··· Material supplied
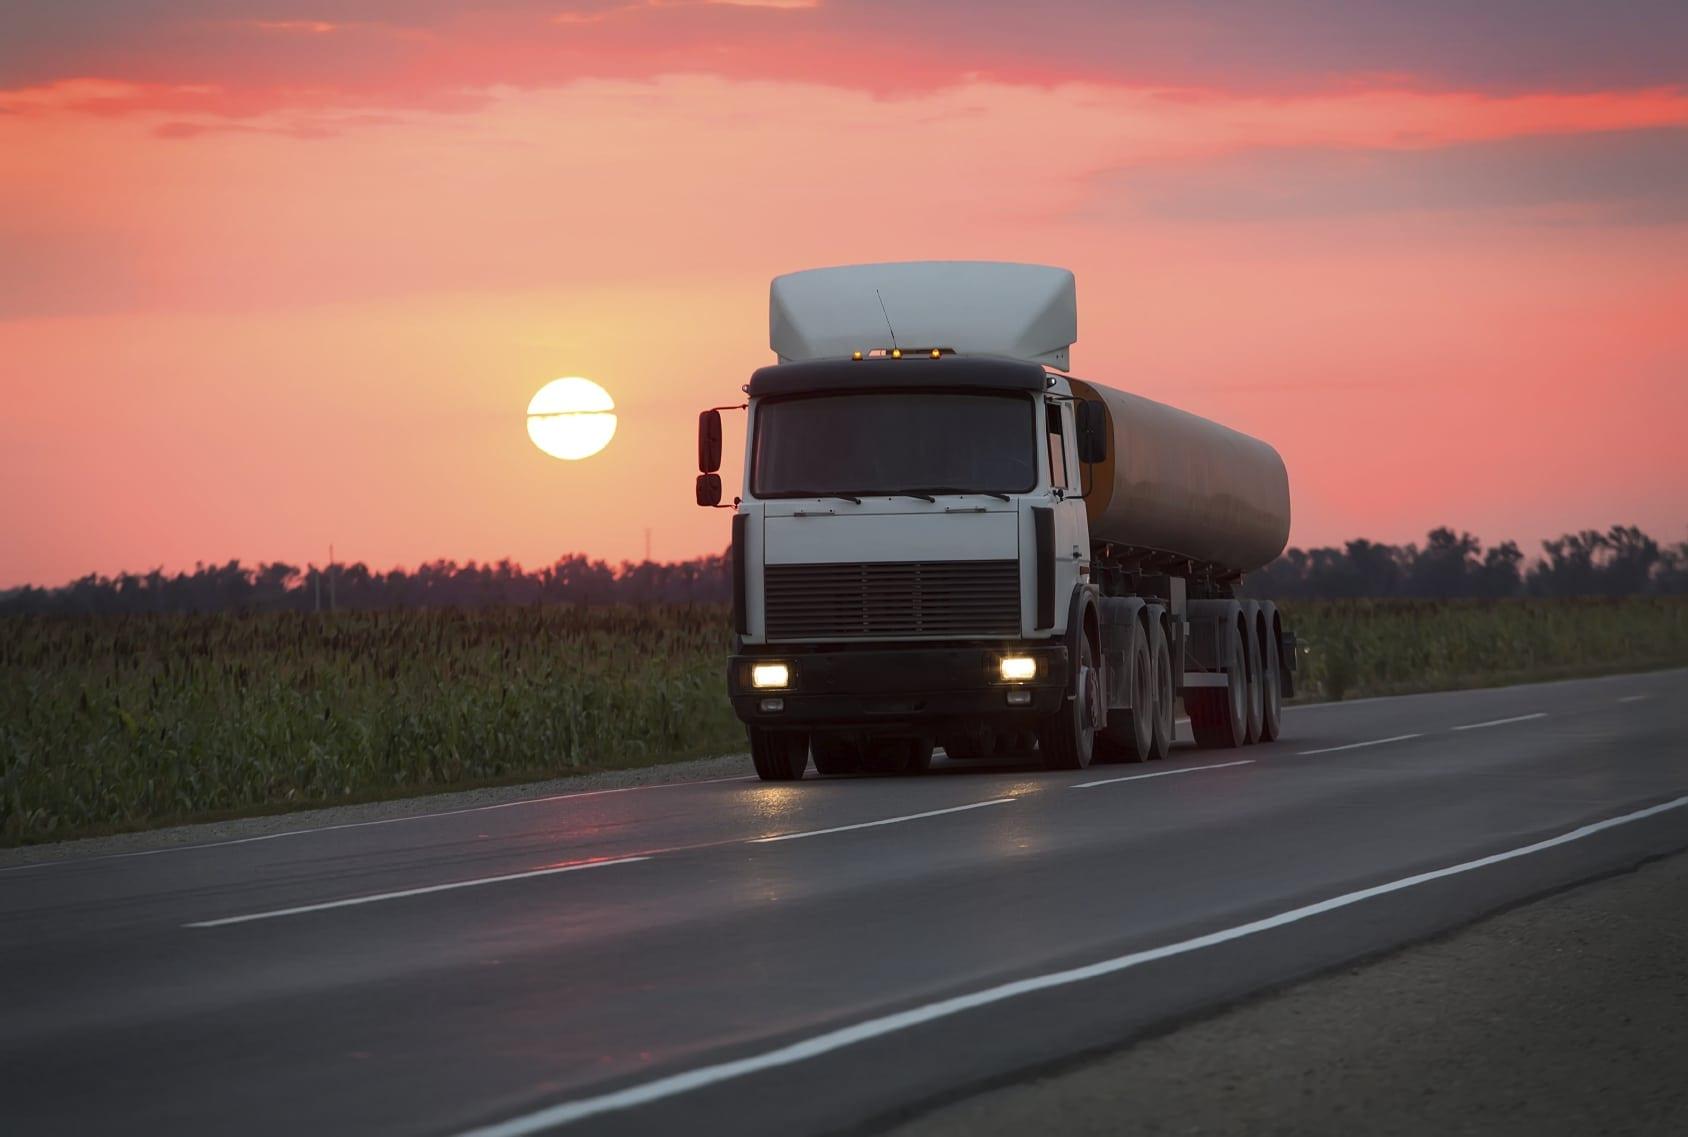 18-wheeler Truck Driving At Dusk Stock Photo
······
··· Material supplied
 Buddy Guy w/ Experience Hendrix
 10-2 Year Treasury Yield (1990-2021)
······
What is being asked
Please reproduce exactly the lines in the listing above from the one containing "Buddy Guy w/ Experience Hendrix" through the one containing "10-2 Year Treasury Yield (1990-2021)", both included, and nothing more.

Answer to this task
 Buddy Guy w/ Experience Hendrix
 10-2 Year Treasury Yield (1990-2021)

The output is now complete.